Sur son épitaphe, au Père-Lachaise, on peut lire « Nothing is impossible ». Le même message est imprimé en lettres capitales sur les murs du De Young Museum, qui rend hommage au couturier afro-américain au travers une exposition de ses créations et objets personnels. Guidé par ce mantra, Patrick Kelly a marqué la mode des années 1980 par ses collections colorées, facétieuses sans être irrévérencieuses, et hautement symboliques. « Je veux que mes vêtements fassent sourire », affirmait-il. L’exposition « Patrick Kelly: Runway of Love » explore les différentes facettes de l’artiste, disparu des suites du SIDA en 1990, après une carrière météorique d’à peine cinq ans.
Du Mississippi à Paris
Né dans le Mississippi ségrégationniste en 1954, Patrick Kelly connaît une enfance très modeste. Sa grand-mère recoud régulièrement les boutons manquants de ses vêtements, utilisant des boutons de différentes couleurs qu’elle a à sa disposition, faute de pouvoir acheter la réplique des boutons originaux. Patrick Kelly a fait de l’utilisation des boutons sa marque de fabrique : il s’en sert pour dessiner des motifs colorés, surtout des cœurs.
« On retrouve aussi une évocation de son Sud natal dans la tenue que le designer arborait lors de ses défilés », explique Laura Camerlengo, responsable du département textile du De Young. « Une salopette en jean trop grande, tenue habituelle des ouvriers et des paysans américains, puis des défenseurs des droits civiques ».
Patrick Kelly tente sa chance à Paris en 1979, poussé par son amie top model Pat Cleveland. Il travaille d’abord anonymement pour plusieurs marques de prêt-à-porter, dont Eres. Il crée en parallèle des vêtements qu’ils demandent à ses amies mannequins de porter dans les rues de Paris. Ses créations, déjà inventives, sont remarquées par Nicole Crassat, rédactrice de mode au magazine Elle, qui consacre six pages à Patrick Kelly et lance ainsi sa carrière en 1985.
Josephine Baker, source d’inspiration
Le designer rend un hommage appuyé aux grandes maisons qui l’ont inspiré, en reprenant certains de leurs codes tout en y imprimant sa griffe. Les petits nœuds, si chers à Nina Ricci, sont déclinés à l’infini de mille couleurs; on retrouve le tweed de Chanel, mais avec des boutons oversize en plastique, ou encore les drapés qui rappellent la maison Grès.
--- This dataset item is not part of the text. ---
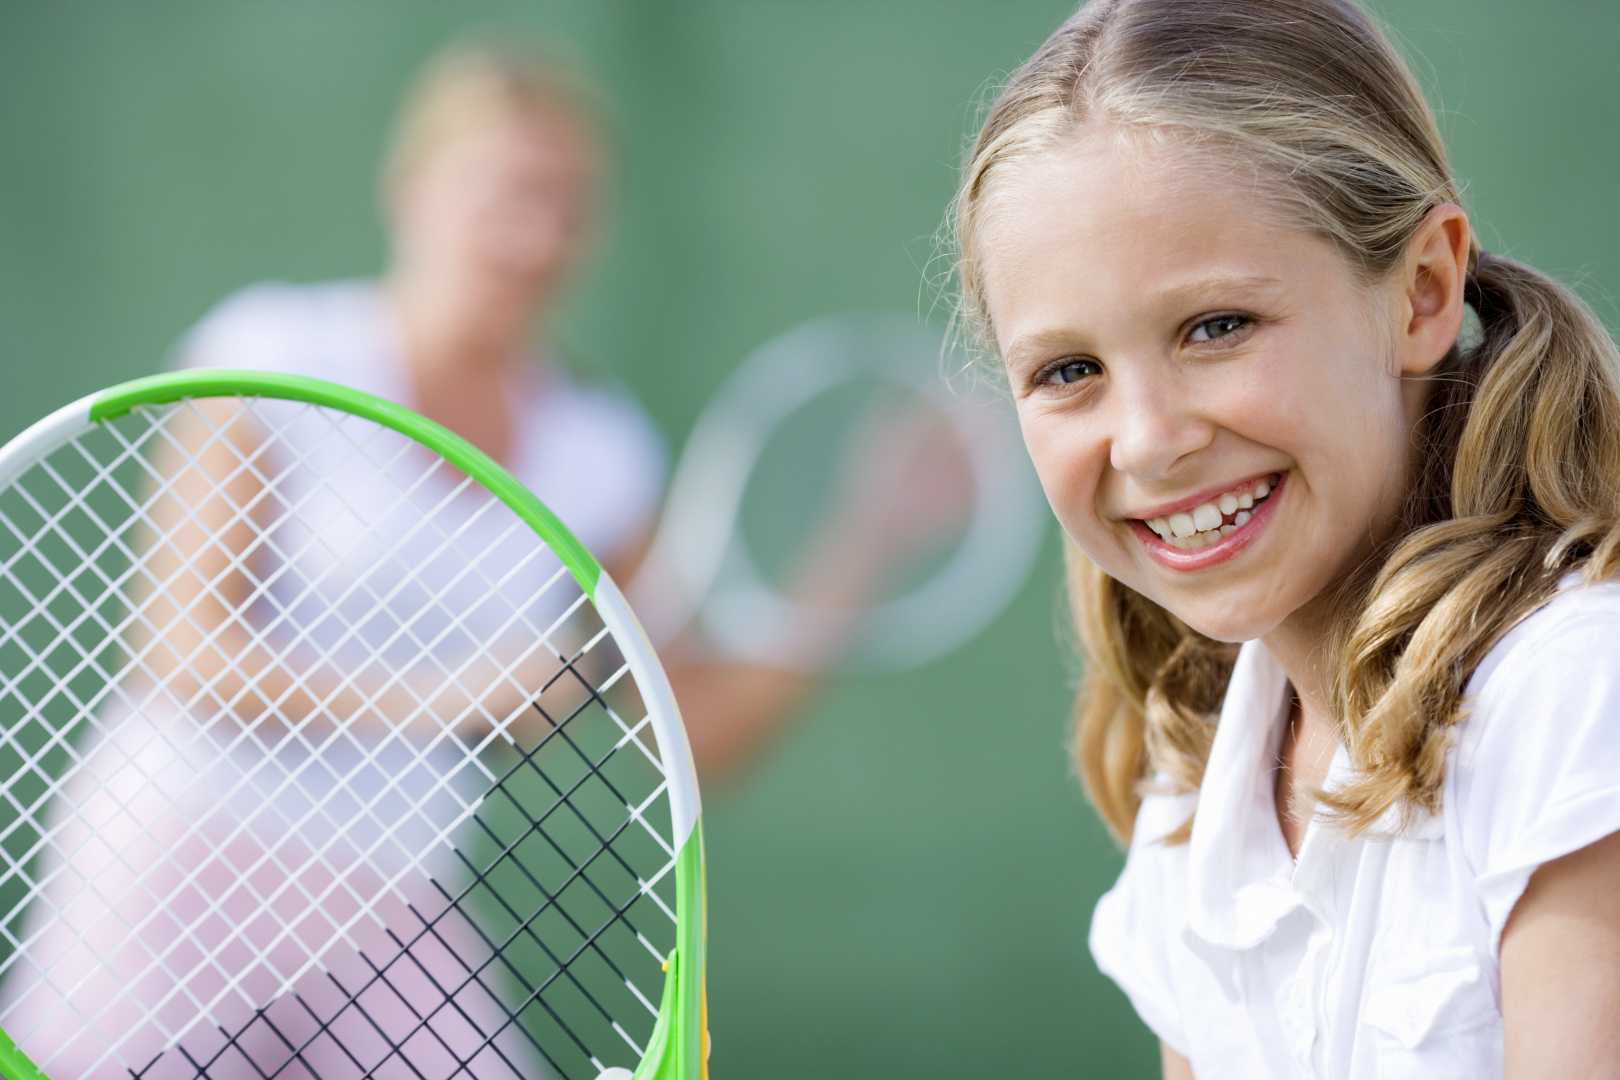 Настольный теннис для детей - тренировки, соревнования, польза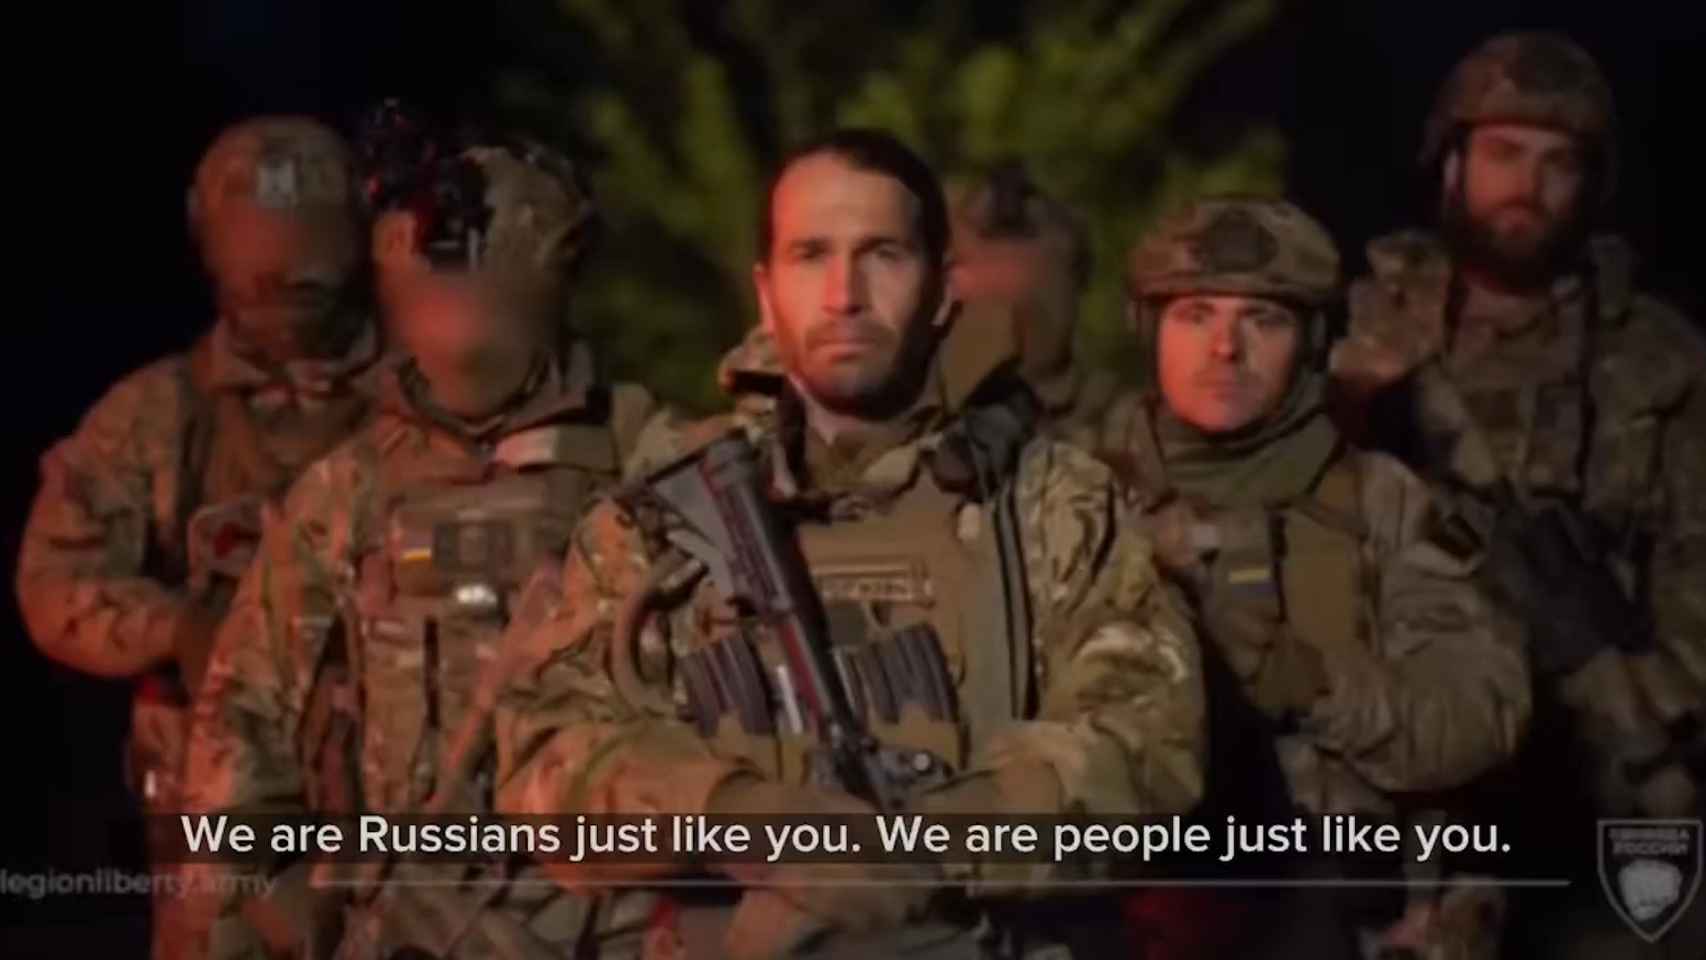 Las autodenominadas guerrillas rusas afirman haber invadido una aldea fronteriza rusa

La section Two Loves montre l’attachement de Patrick Kelly pour l’Amérique et Paris, comme l’avait chanté Josephine Baker, une autre source d’inspiration pour le couturier. Kelly y décline la Tour Eiffel sous plusieurs formes, et rend hommage à l’imagerie des grands espaces de l’Ouest américain.
Une première exposition consacrée à Patrick Kelly s’était tenue à Philadelphie en 2014. Le catalogue de l’exposition de San Francisco est le premier livre dédié au couturier. Plus de trente ans après sa mort, on ne peut qu’être saisi par le style si distinctif de ses créations, et par les multiples niveaux de lecture que l’on y découvre.
Kelly est aujourd’hui reconnu comme le premier couturier afro-américain à avoir traité du racisme, en utilisant des images habituellement caricaturales de ses origines : « Se réappropriant certaines représentations de la communauté afro-américaine d’habitude utilisées par les défenseurs de la suprêmatie blanche, il les dépouille de leur dimension raciste et s’en moque ouvertement », explique Laura Carmelengo. En 2020, la Kelly Initiative est lancée par plus de 200 professionnels afro-américains de la mode qui demandent une plus grande égalité des chances à l’embauche dans le domaine. Kelly serait sûrement fier d’avoir inspiré ce projet, car après tout, « Rien n’est impossible ».